Внезапно характер звука изменился. Терзающий мозг визг ослаб, в нём появилась целая гамма других звуков: смесь шипения, шелеста и какого-то нечленораздельного бормотания. "С-с-зан, — явственно послышалось в этой какофонии. — Сж-ж-ж-ш-ш-шв-в-вы слышите меня?" — раздался вдруг чей-то вкрадчивый шёпот.
Слова прозвучали очень отчётливо — прямо в голове. Даже не слова, а какое-то сложное сочетание звенящих и шипящих звуков, образующих в совокупности нечто весьма отдалённо напоминающее человеческую речь. Тем не менее, смысл сказанного, как ни странно, Бучнев понял прекрасно.
Он отнял руки от головы, с трудом, сопя и кряхтя, как столетний старик, встал на четвереньки и растерянно обвёл взглядом серые трубы штольни и радиального коридора. Ни там, ни там по-прежнему никого не было.
— Я правильно передаю? — снова послышался чей-то звенящий шёпот. — Очень трудно найти правильный ритм…
— Кто это говорит? — пробормотал Бучнев.
— Я, — тихо ответил его невидимый собеседник.
— Кто это — я? — Бучнев завертел головой, но увидел не больше, чем до этого.
— Я, Концентратика.
— Концентратика? — переспросил Бучнев и скрипнул зубами; боль, оставшаяся от дикого пульсирующего визга, всё ещё давала о себе знать. — Какая ещё концентратика?
— Концентратика — это я, — ответил бесплотный голос. — Я есть сообщество индивидуумов, выступающих как единое целое, объединённых единым эго-полем, и единым направлением существования. Степень сосредоточённости составляющих меня членов очень велика, поэтому я — Концентратика. Такова моя сущность.
— С ума сойти… — испуганно выдохнул Бучнев.
Он медленно поднялся на ноги и, держась за железное ребро тюбинга, в который уже раз оглядел погружённые в вечные сумерки тоннели. Серые бетонные стены, кабели, трубы, разная механика… Нигде никаких Концентратик. Вообще никого нет — только он и мёртвая материя. Откуда этот голос?
Это всё влияние данного места, догадался Бучнев. Лунная геопатогенная зона — вот на что наткнулись здесь проходчики. И воздействие её на мозг вызывает галлюцинации. Сначала это подобно удару, оно оглушает, дезорганизует, превращая твоё сознание в кисель, а тебя самого — в сжавшийся от животного страха комок биомассы, инстинктивно пытающийся убежать. Такова первая стадия воздействия. А потом что-то перестраивается в голове, адаптируется, а может наоборот — разрушается, и тогда наступает вторая стадия: появляются голоса. Не исключено, что за ней наступит и третья — разные видения: левитирующие предметы и прочее. Опасное место!

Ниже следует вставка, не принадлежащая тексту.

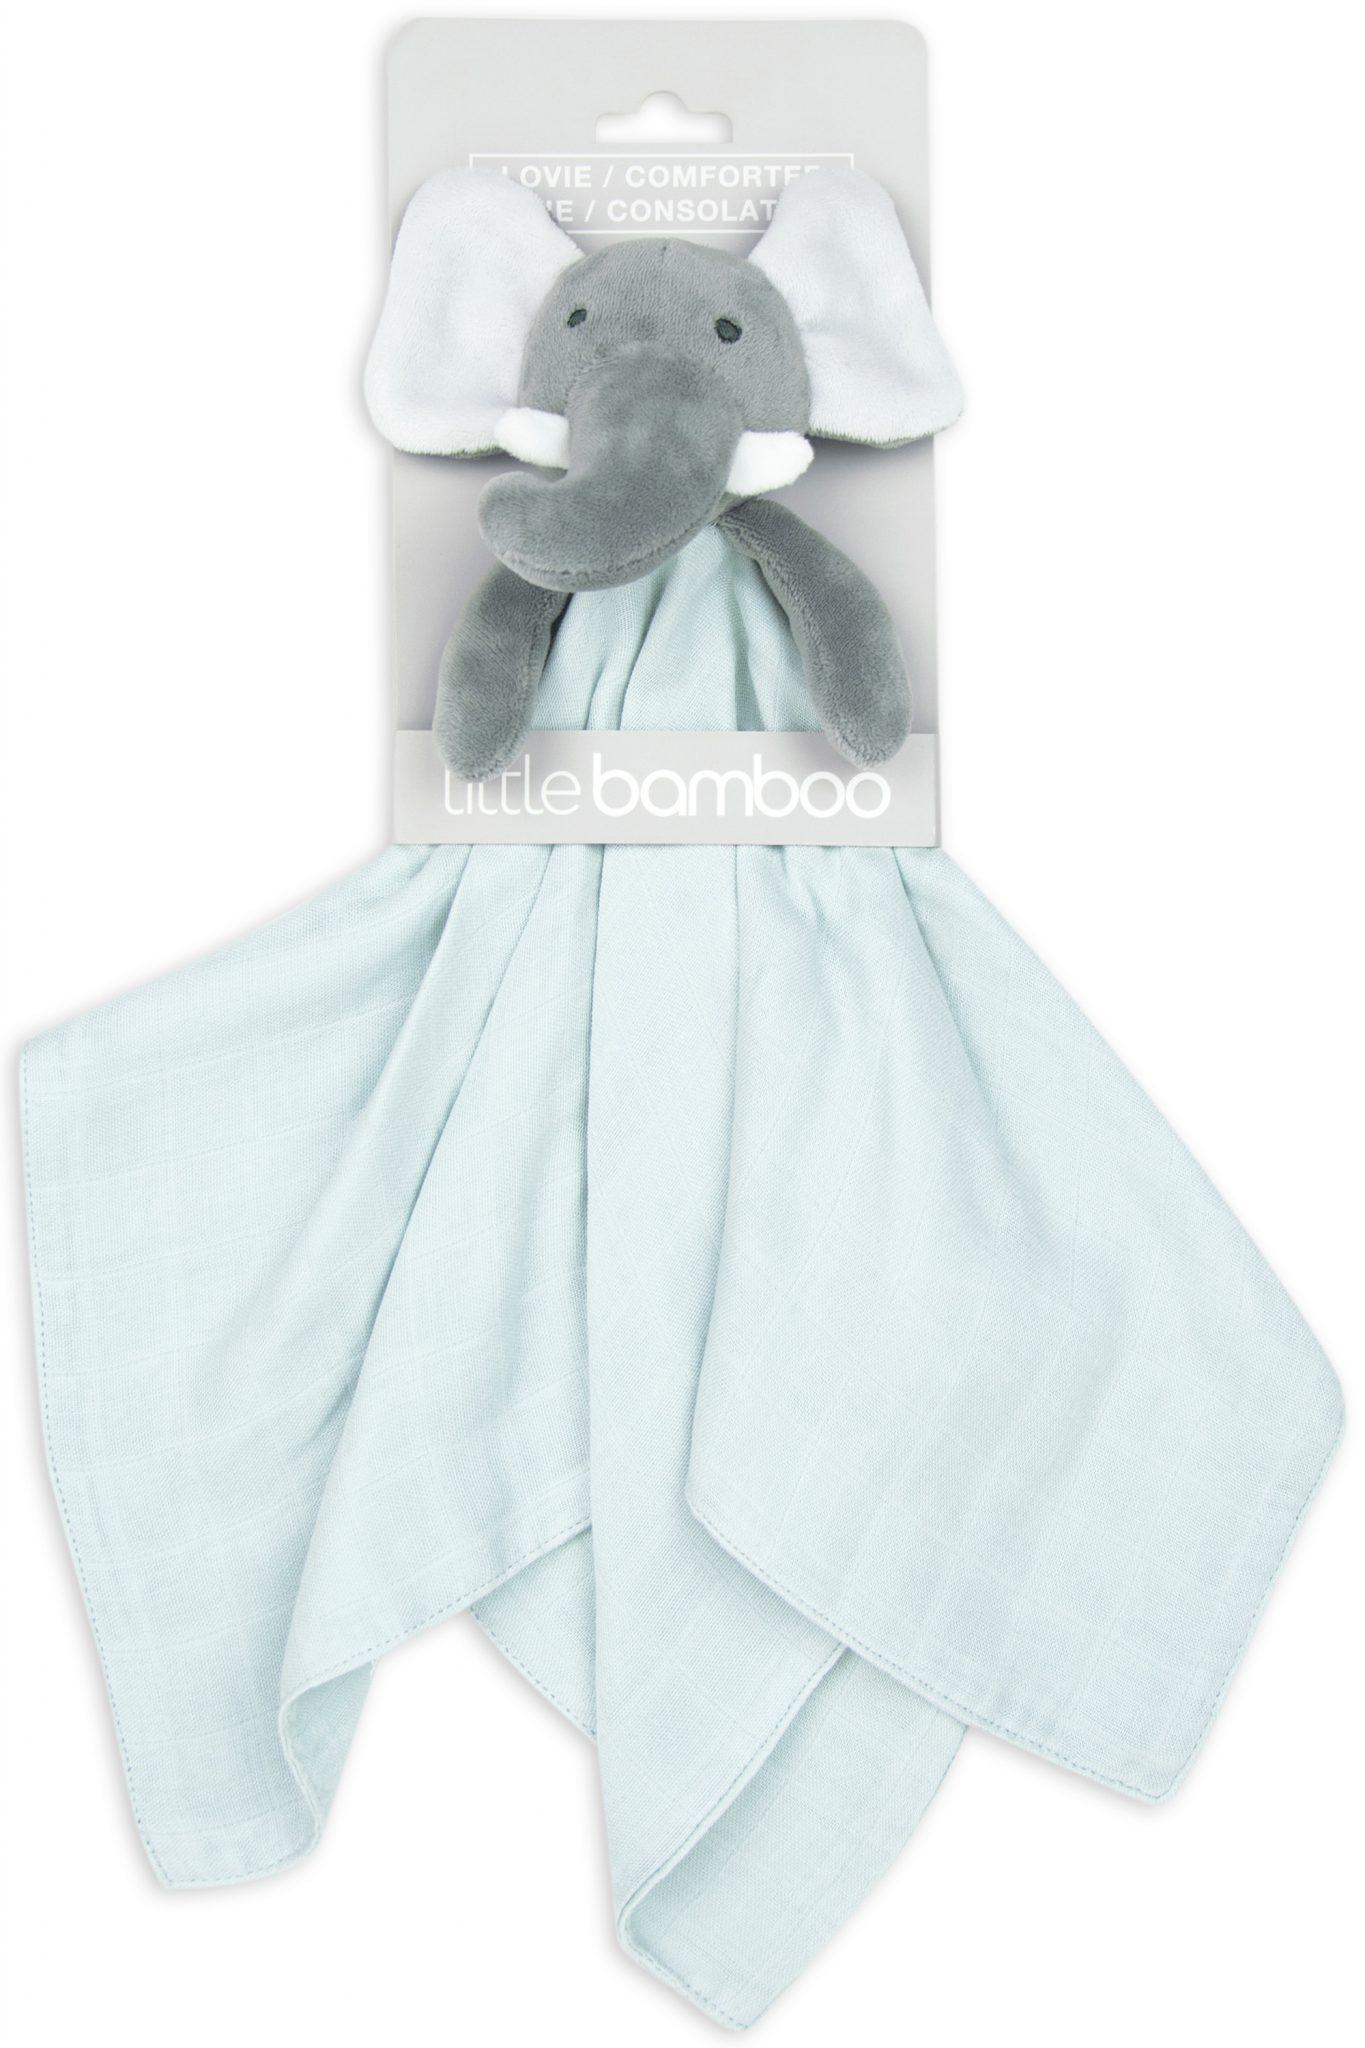 Little bamboo comforter toy for sleep. Grey elephant with bamboo muslin bottom. moonlight baby sleep melbourne

Неудивительно, что доступ на уровень закрыли.
— Я не… — свистящие и шипящие звуки образовали архисложную комбинацию, которую Бучнев расшифровал как "кажусь". — Я на самом деле, я реальна. Я большая и достаточно сильно излучаю, меня невозможно не заметить. Это очень странно, что вы не видите меня.
— А что я должен видеть? — автоматически спросил Бучнев. — Здесь никого нет.
— Здесь есть я.
Бучнев потёр виски и тряхнул головой. Боль почти утихла, и теперь ему слышалось пение десятков голосов, сливающихся в тихую, успокаивающую мелодию. Сотканная из самых разнообразных по характеру и тону звуков, она, как и предшествующий ей визг, тоже пульсировала, то утихая, то усиливаясь.
— Мне всегда казалось, что люди галлюцинируют как-то иначе, — проговорил он, прислушиваясь к этим звукам. — Никогда не думал, что можно вести диалог с собственной больной головой.
— Я не иллюзия, — мягко повторил голос. — Вы не видите меня — это очень странно. Я не могу понять, почему… Члены Концентратики — они повсюду. Я вокруг вас, вы внутри меня.
— Наверное, потому, что я ещё не "дозрел", — предположил Бучнев. — Но скоро должен увидеть.
— Как странно устроено ваше восприятие, — удивлённо заметила Концентратика.
— Ага, — уронил Бучнев, нагибаясь за анализатором. Воспроизведя запись рекордера, он, как и предполагалось, услышал только собственные слова, и ничего кроме них. Никаких пульсаций и голоса загадочной Концентратики. Стало быть, всё это — галлюцинация и есть.
— Поскольку вы продолжаете настаивать на мнимости моего существования, я могу проявить себя иным способом, — заявила между тем Концентратика. — Например, активировать силовую составляющую своей жизненной энергии.
— Это что такое?
— То, чем можно воздействовать на предметы.
— Ага, третья стадия, — кивнул Бучнев. — Ну, понятно. Так и должно быть.
— Вы сомневаетесь в её действенности? Напрасно. Это очень значительная сила, и она чрезвычайно яркая и так пахнет!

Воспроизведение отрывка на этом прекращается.